En finir avec le modèle patriarcal ?

Il suf­fit  de  taper  dans  un  moteur  de  recherche  les  mots  « famille »  +  « modèle » pour voir appa­raître des hommes en polo enla­çant ten­dre­ment des  femmes  en  robe  légère  et  des  enfants  bien  coiffé•es ;  des  papa-maman-deux-enfants riant à gorge déployée sur des cana­pés moel­leux. Il n’y a aucun couple de les­biennes ou de gays, aucune femme por­tant une pous­sette dans les esca­liers du métro, aucune per­sonne raci­sée, pas non plus de per­sonne visi­ble­ment handicapée.

Le couple cis hété­ro­sexuel blanc comme socle de la famille est un modèle qui infuse dans nos repré­sen­ta­tions occi­den­tales depuis au moins deux mil­lé­naires. Au centre du tableau, le pater fami­lias joue un rôle pivot (lire notre focus page 86). C’est ain­si que, depuis dix ans, les repré­sen­tants de la Manif pour tous, vent debout contre le mariage homo­sexuel et la PMA pour les femmes les­biennes, seules ou les per­sonnes trans, ont pu affir­mer sans relâche, à la télé comme dans la rue, qu’une famille « c’est un papa et une maman ».

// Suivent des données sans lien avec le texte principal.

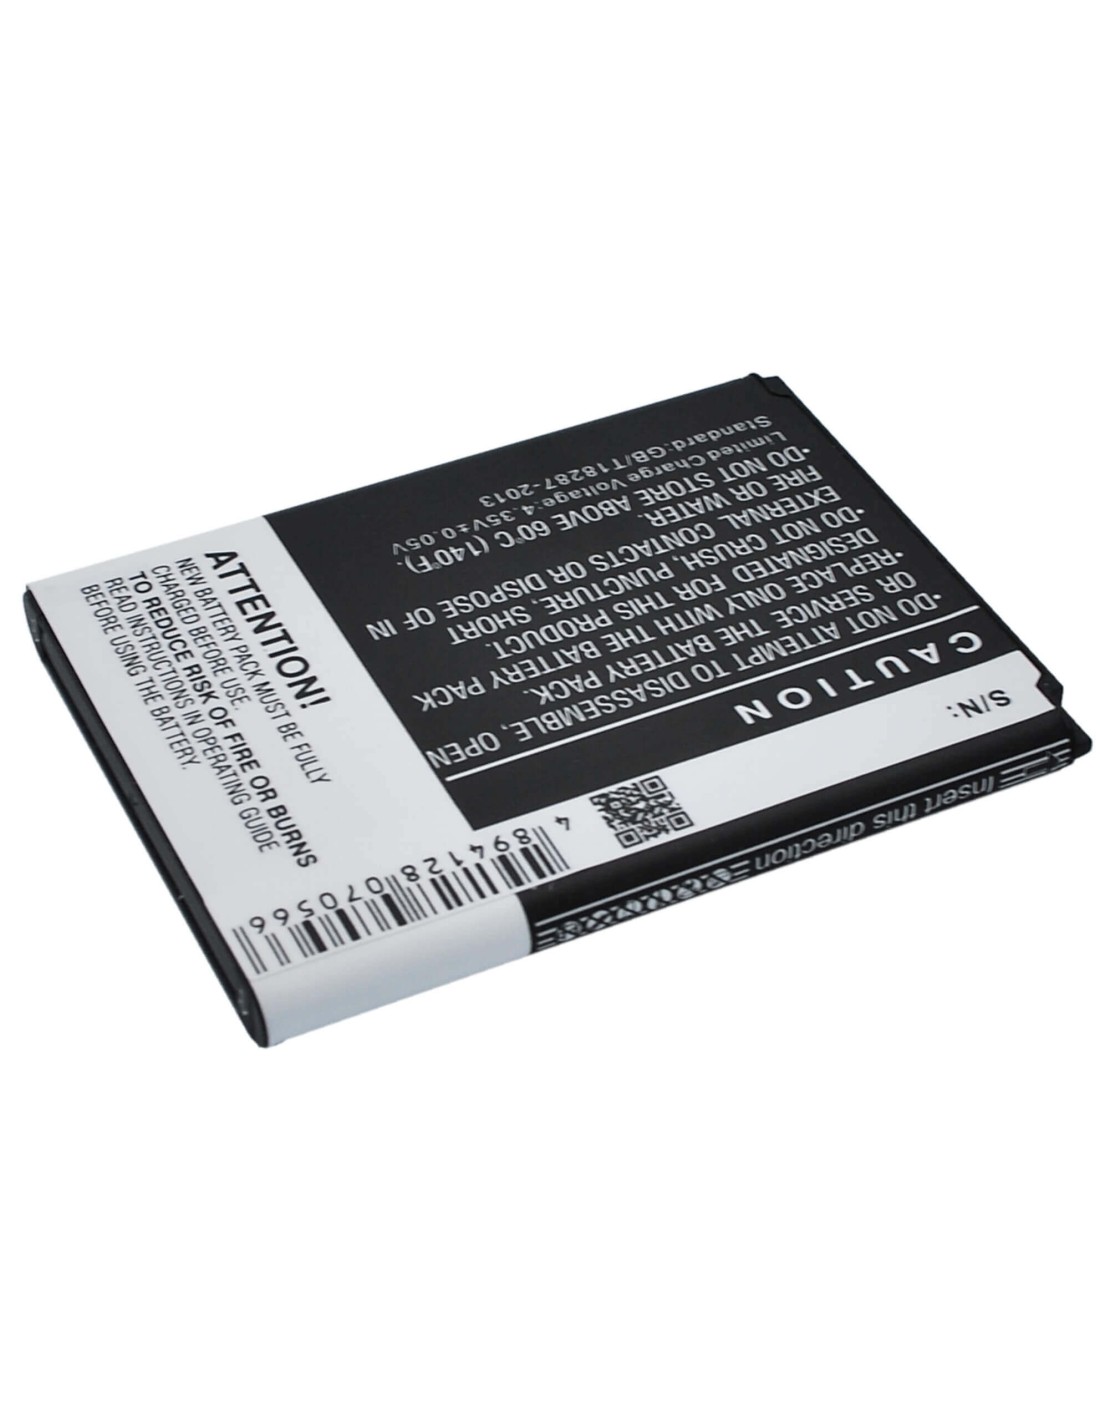 Battery for Samsung SCH-i930, GT-I8750, ATIV S 3.8V, 2300mAh - 8.74Wh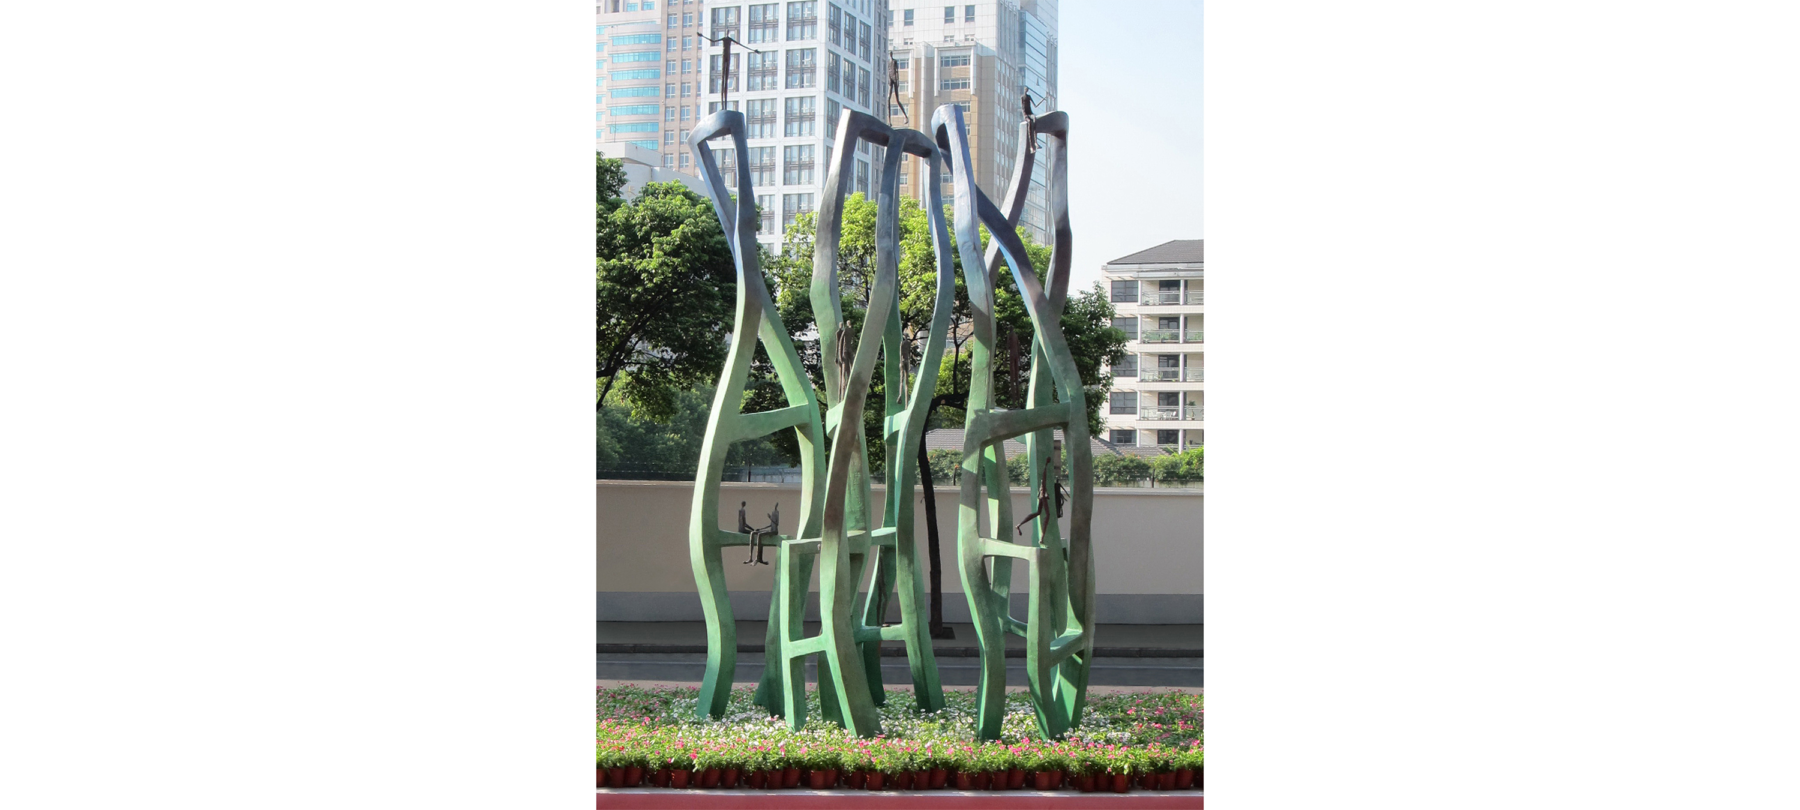 Jing’An Sculpture Park Project pour la sculpteure française Val - Valérie Goutard - à Shanghai avec Sculptureval

Ne  leur  en  déplaise,  les  sta­tis­tiques  sont  for­melles :  la  famille  dite « clas­sique » n’est plus qu’un modèle par­mi d’autres. Une sur quatre est désor­mais mono­pa­ren­tale, avec, dans 85 % des cas, une mère à sa tête (page 90). Quant aux familles recom­po­sées à la suite d’une sépa­ra­tion, elles repré­sentent plus d’une famille sur dix. En deçà des radars sta­tis­tiques, des familles évo­luent éga­le­ment, sans for­cé­ment de lien amou­reux pour les struc­tu­rer et sans sys­té­ma­ti­que­ment un ou des enfants comme rai­sons d’être. L’historienne fémi­niste Donna Haraway (page 82) affirme depuis long­temps que faire famille est une expé­ri­men­ta­tion au long cours, faite de chan­ge­ments, d’arrangements, de créa­tion et par­fois d’abandon.
Ce  dos­sier  entend  ouvrir  grand  nos  concep­tions  des  liens  et  nous per­mettre  d’imaginer  des  orga­ni­sa­tions  fami­liales  plus  éga­li­taires  dans les­quelles les rôles de chacun·e sont défi­nis non plus seule­ment par le sang, le genre ou le droit, mais bien par la volon­té de s’impliquer réel­le­ment les un·es auprès des autres.